Conversations have already started percolating in regards to what to do about public gatherings surrounding entertainment: concerts, festivals, marathons, block parties, sporting events, and more, post virus. These industries have literally been halted, creating a cataclysmic effect on the entertainment economy to the tune of hundreds of millions, if not well into the billions by the time it's all over. We've been forced to isolate in order to potentially avoid contracting and spreading a virus that can, and is, killing people. The questions moving forward though are: How fast will we re-integrate? How will we re-integrate? What will be customer expectations that are becoming acclimated to 6' distancing and face masks as normal? Who will adapt first... the industry, the artists, or the consumers?

We are social creatures that THRIVE off of music, art, sports, and the human interaction that comes along with all of those public events. These 3 camps have to reinvent and adapt quickly in order to recover and thrive moving forward:

  1. Artists

  2. Industry (venues, production, sponsors, restaurants, bars, etc.)

  3. Consumers

Each of these are thesis topics in and of themselves, so I just want to touch on the first...

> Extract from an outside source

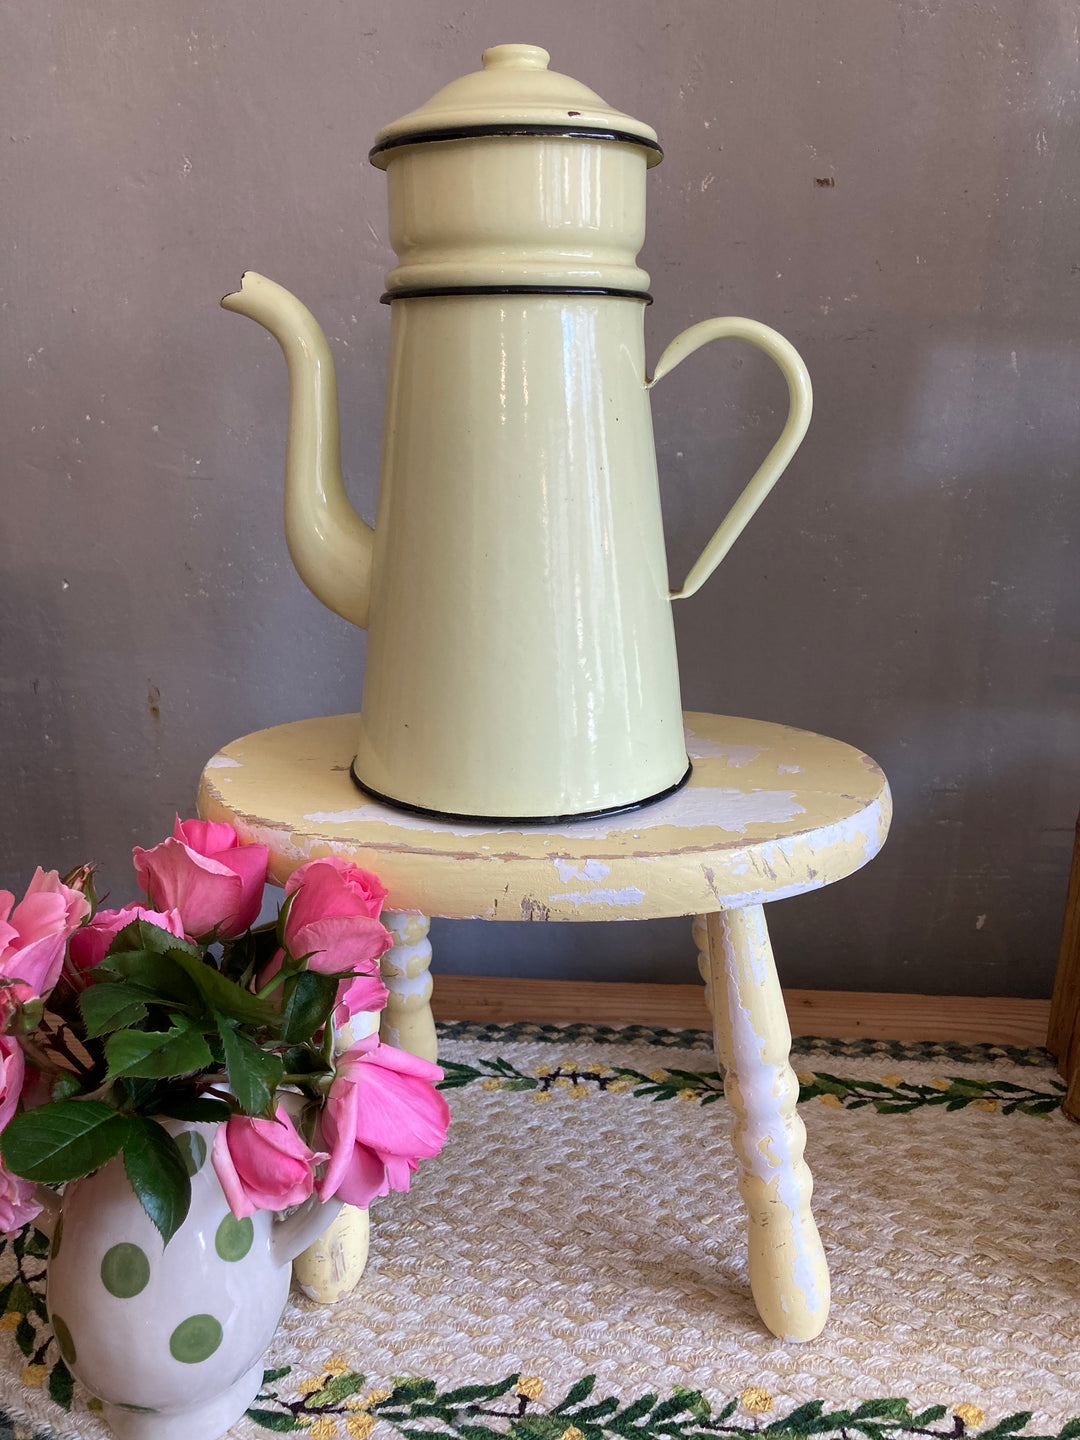 Yellow French Enamel Coffeepot on yellow stool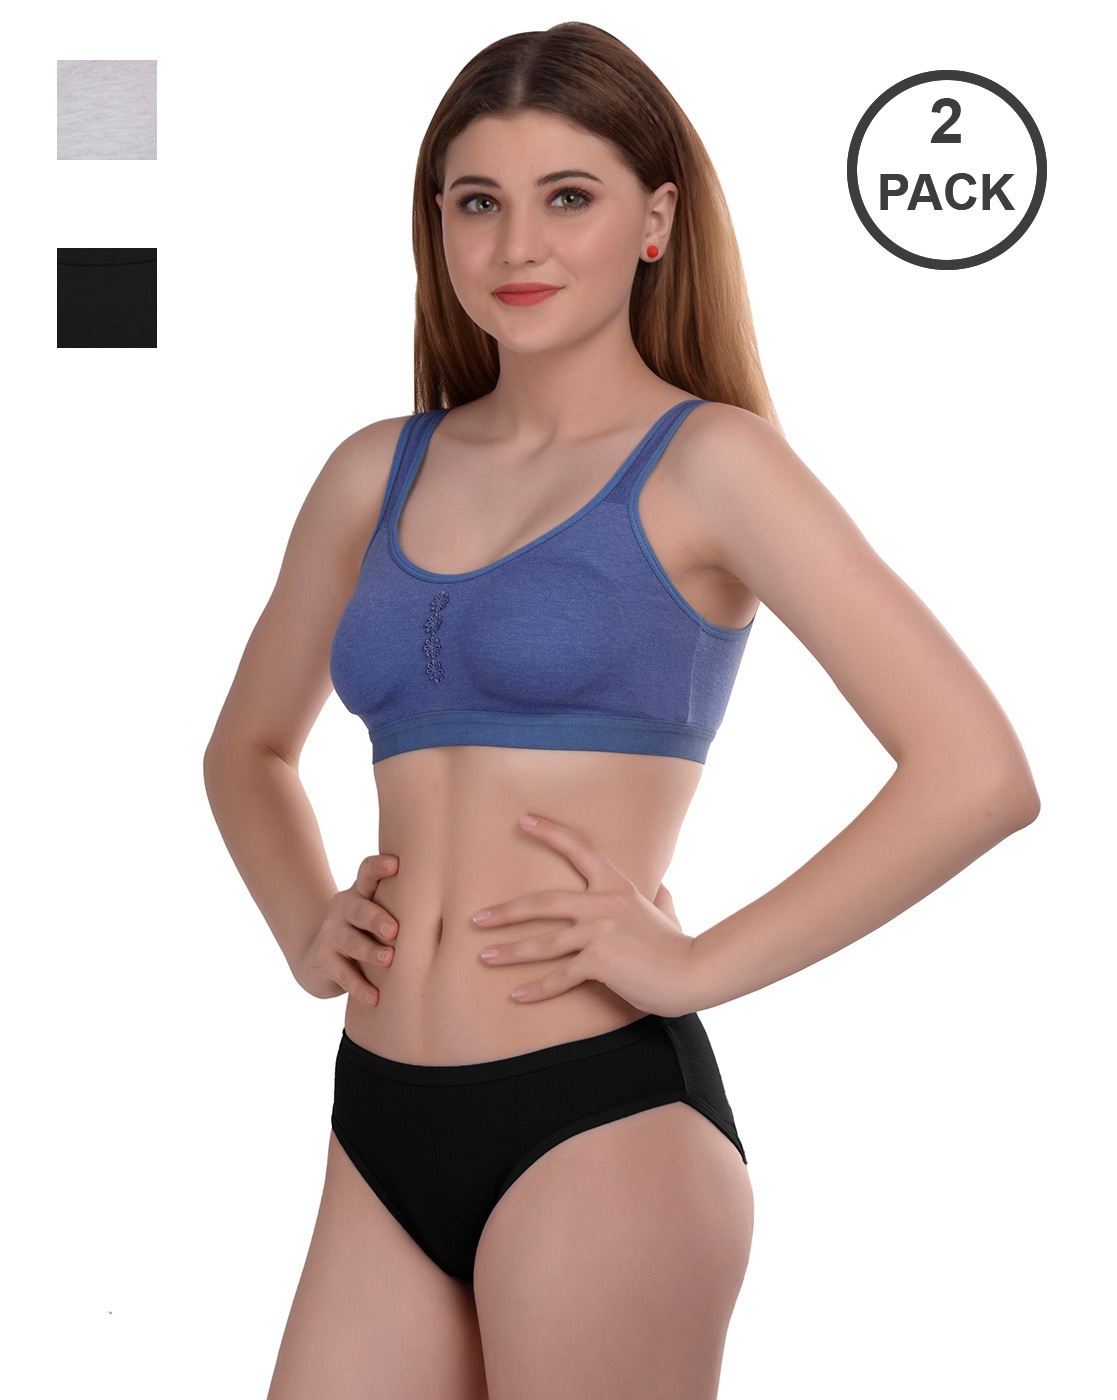 Buy Sports Bra Panty Set for Women, Gym Bra and Panty Set

  1. With an inevitable reduction of venues, and the industry heavyweights gobbling up holds, independent artists will be stuck at the back of the touring/booking traffic jam

  2. Supply and demand will likely drive down pricing and guarantees, for those venues/restaurants/bars that do survive this chaos will most definitely be in the drivers seat in negotiations OR cutting costs (not all the time, but likely most of the time)

  3. Which really should be #1, Video streaming MUST become a key component of your repertoire. It works. It's relatively easy. It has low overhead. This will also help continue engagement with fans that remain leery of public interaction.

Customers will absolutely be thinking about the potential of virus transfer for some time to come when asked and or tempted to engage in large gatherings. Most will not admit that they are "afraid," but will most definitely make choices that reflect that lingering fear. We in the entertainment, production, engagement industry need to be prepared to ask a lot of questions and apply new processes to client expectations.

PS... Road trips were HUGE in 2002-2005. That's not a coincidence.